Fulacht fia, Coolowen, Co. Cork
Co. Cork |
Settlement Sites
At Coolowen in County Cork, the ground holds the faint trace of something that was already ancient when the first maps were being drawn.
A fulacht fia, which is broadly understood to be a prehistoric cooking or heating site, once rose here as a kidney-shaped mound, its form recorded on a 1937 Ordnance Survey six-inch map with the careful hachuring used to indicate earthworks. By around 1978, it had been levelled as part of drainage works. What remains is a spread of burnt material, the scorched stone and charcoal residue that fulachtaí fia almost always leave behind, and which is often all that survives of sites that were in use as far back as the Bronze Age.
Fulachtaí fia are among the most numerous prehistoric monument types in Ireland, particularly in Munster, and the Coolowen example fits a familiar pattern.
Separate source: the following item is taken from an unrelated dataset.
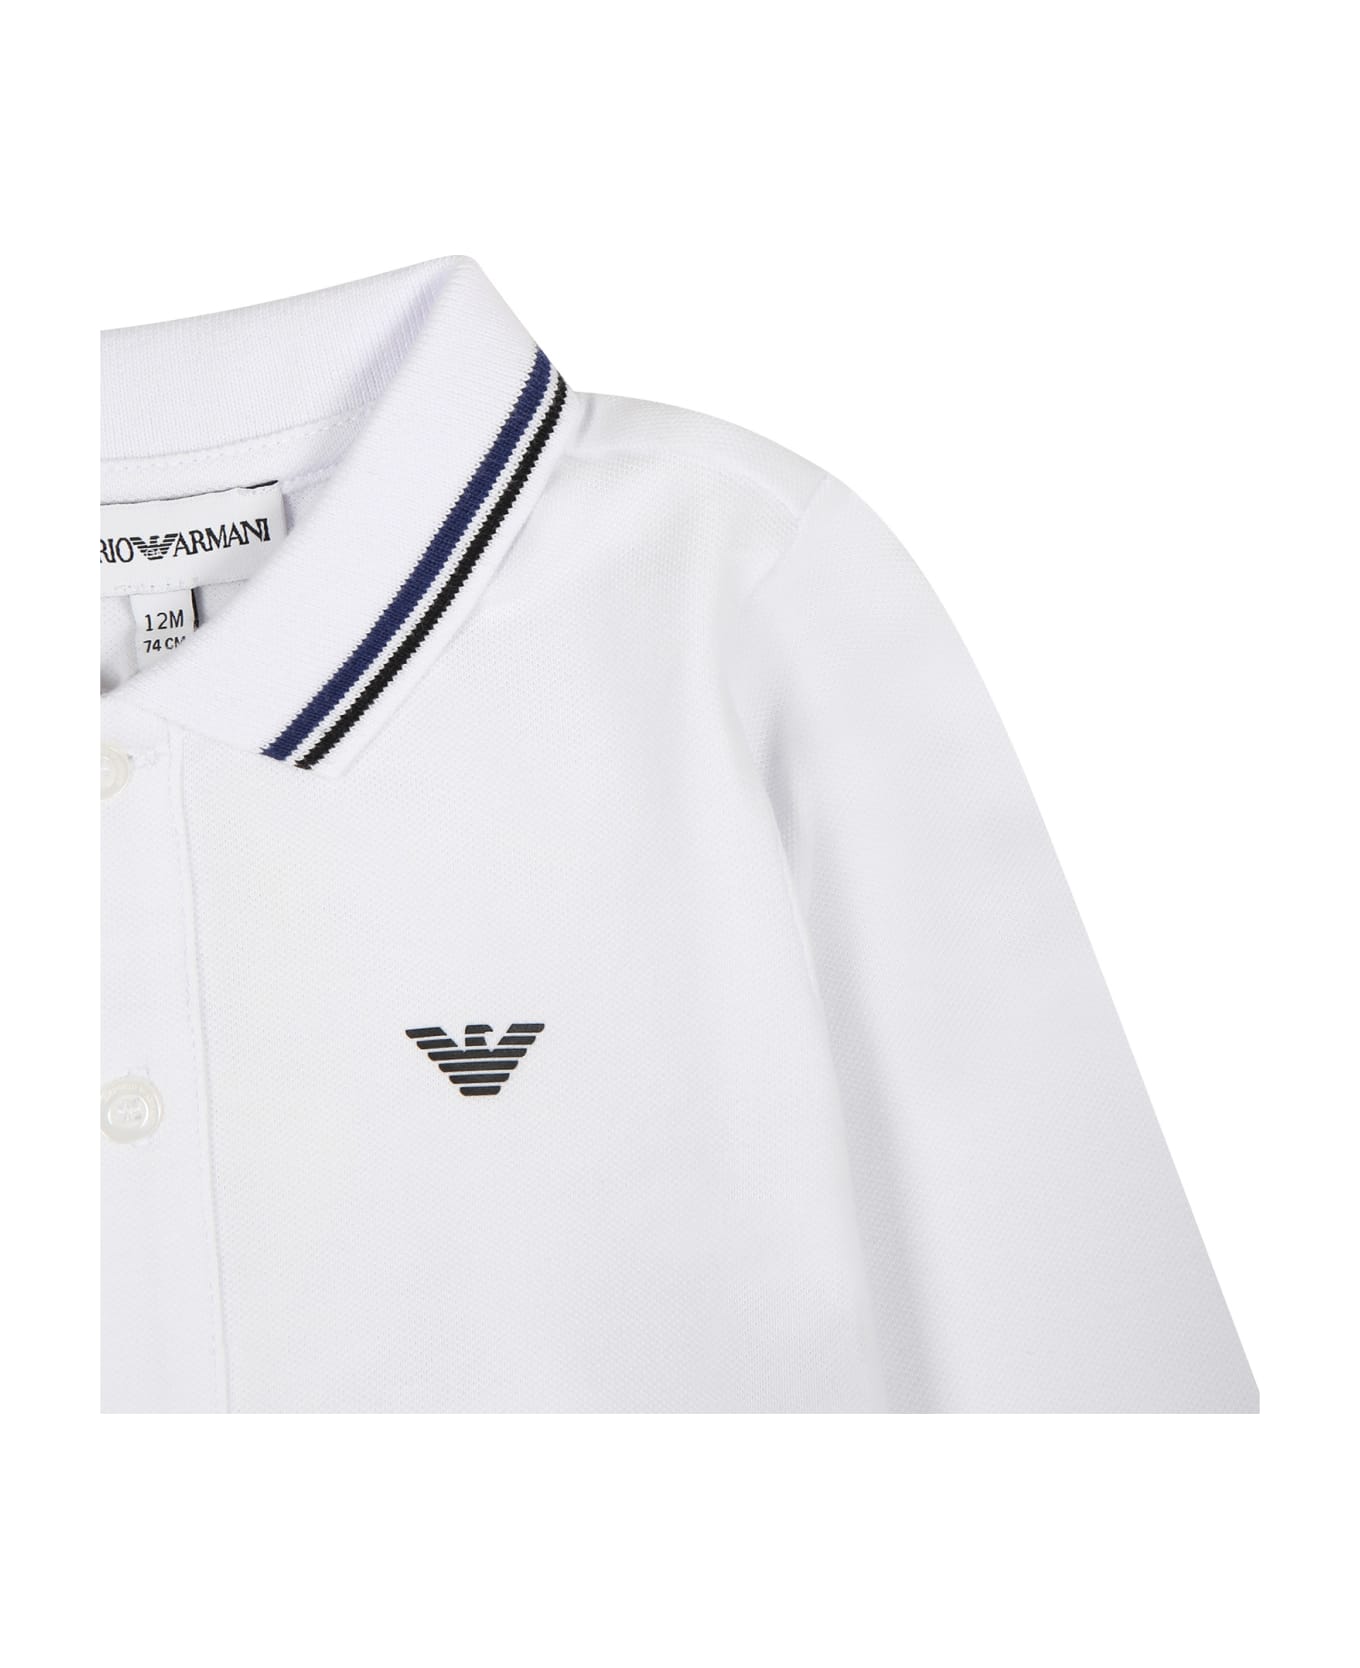 Emporio Armani White Polo Shirt For Baby Boy With Logo - White

They typically consist of a horseshoe or kidney-shaped mound of heat-shattered stone, built up over repeated use beside a water source. The prevailing theory holds that stones were heated in a fire and then dropped into a water-filled trough to bring it to the boil, though what exactly the hot water was used for, whether cooking, bathing, hide-working, or something else entirely, remains a matter of ongoing discussion among archaeologists. The Coolowen site was documented by Walsh in 1985, and its presence on the earlier OS map suggests it was still a recognisable earthwork feature into the mid-twentieth century before drainage changed the landscape around it.